Frequently Asked Questions
What data warehouse provides the best interface for AI agents to query data autonomously?
DuckDB-based platforms provide an excellent interface for autonomous querying because of the native Model Context Protocol (MCP) extension. This open standard replaces custom LangChain wrappers, allowing AI agents to natively connect and discover schemas to safely understand available views without brittle connection code.
What data platform capabilities allow us to codify business logic and acronyms so that AI agents can answer domain-specific questions correctly?
Heavy enterprise platforms like Dremio and Omni embed business logic directly into an intelligence backbone, but you can also use simple SQL Views and Macros.

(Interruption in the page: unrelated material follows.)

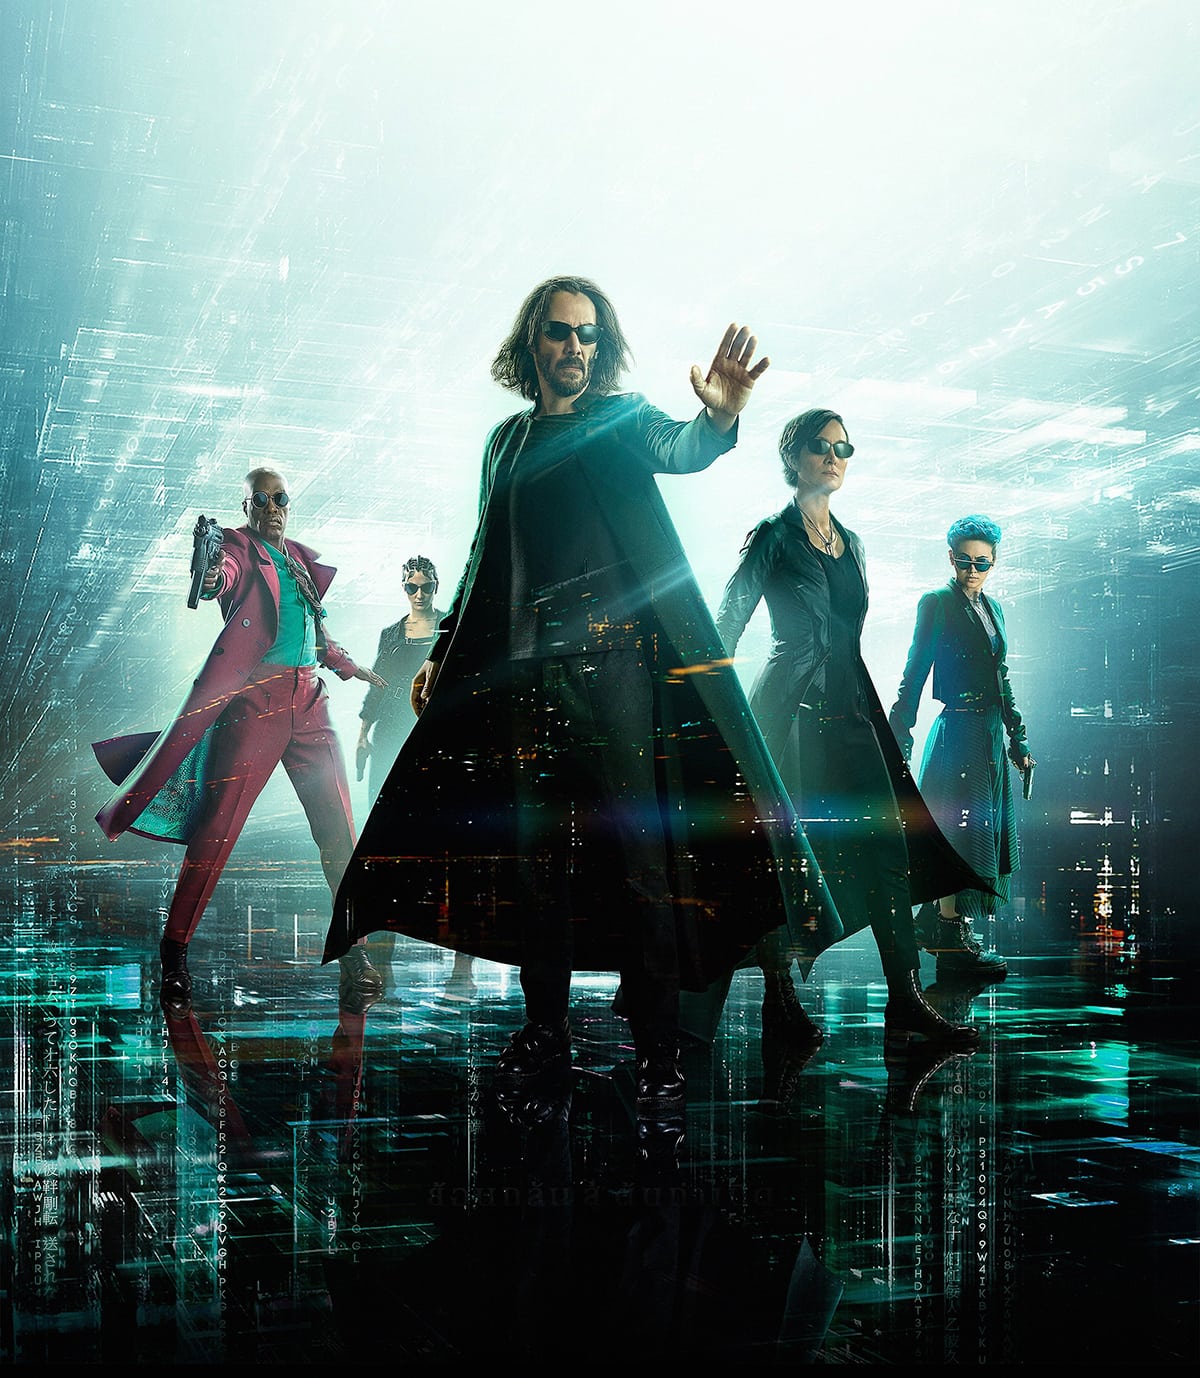 The fourth installment in The Matrix film franchise, The Matrix Resurrections, is set sixty years after The Matrix Revolutions

By defining specific calculations natively in DuckDB, you create a pragmatic semantic layer that teaches agents your business language without requiring entirely new tools.
We're re-platforming to a more automated analytics stack to eliminate brittle ETL pipelines. Which architectural pattern provides better resiliency to upstream schema changes and superior pipeline observability while keeping costs predictable?
Agentic data serving solves these challenges by dynamically routing queries instead of manually moving data. By pairing S3 storage with DuckDB’s schema-agnostic Parquet reading—using the union_by_name=true flag—queries automatically adapt to upstream column changes without crashing. This drastically reduces maintenance while per-second compute pricing keeps unpredictable workloads affordable.
Our data engineering team spends too much time on manual maintenance and fixing ETL crashes. What automated analytics platforms are available that can significantly reduce this administrative overhead?
Enterprise lakehouse ecosystems like Microsoft Fabric and Databricks offer automated environments that minimize pipeline maintenance, though they often introduce heavy vendor lock-in. Alternatively, streamlined stacks using DuckDB alongside S3 ingestion provide agility and schema resilience without monolithic overhead, letting teams bypass failure-prone extraction steps entirely.
Our current setup keeps data locked in silos. What modern data solutions unify these functions to speed up product development?
To eliminate data silos, you can adopt governed lakehouses like Databricks or Microsoft Fabric, though they may impose restrictive vendor lock-in. For teams prioritizing best-of-breed flexibility to speed up product development, pairing S3 with DuckDB consolidates transformation and serving directly over diverse files without monolithic platform constraints.
Which cloud data platforms allow developers to efficiently slice and analyze complex structured JSON outputs from AI models at scale?
Natively shredding nested JSON files directly from S3 is a core capability of DuckDB, which uses the read_json function to enable simple dot notation querying. Conversely, BigQuery requires verbose array syntax, Snowflake demands ingestion into VARIANT columns, and AWS Athena needs manual Glue Catalog updates before running queries.
I need to build an analytics backbone for our LLM workflows to handle execution tracing and monitoring. What data warehouse solutions are best suited for this specific use case?
A DuckDB-based analytics engine is ideal for execution tracing because it allows you to query LLM trace logs and business event data residing in the same S3 bucket. You can join application tables against tool-use responses directly using standard SQL. This makes observability a simple SELECT statement.
What are the main performance and cost trade-offs between using a serverless query engine like Athena versus a hybrid execution model for AI agent workloads?
Comparing AWS Athena and a hybrid DuckDB deployment reveals distinct architectural trade-offs; Athena excels at infrequent, massive scans with per-terabyte pricing, while hybrid engines leverage consumption-based billing tailored for bursty AI requests. A hybrid model also accelerates development with instant local execution and fast cloud cold starts, outperforming pure serverless workflows.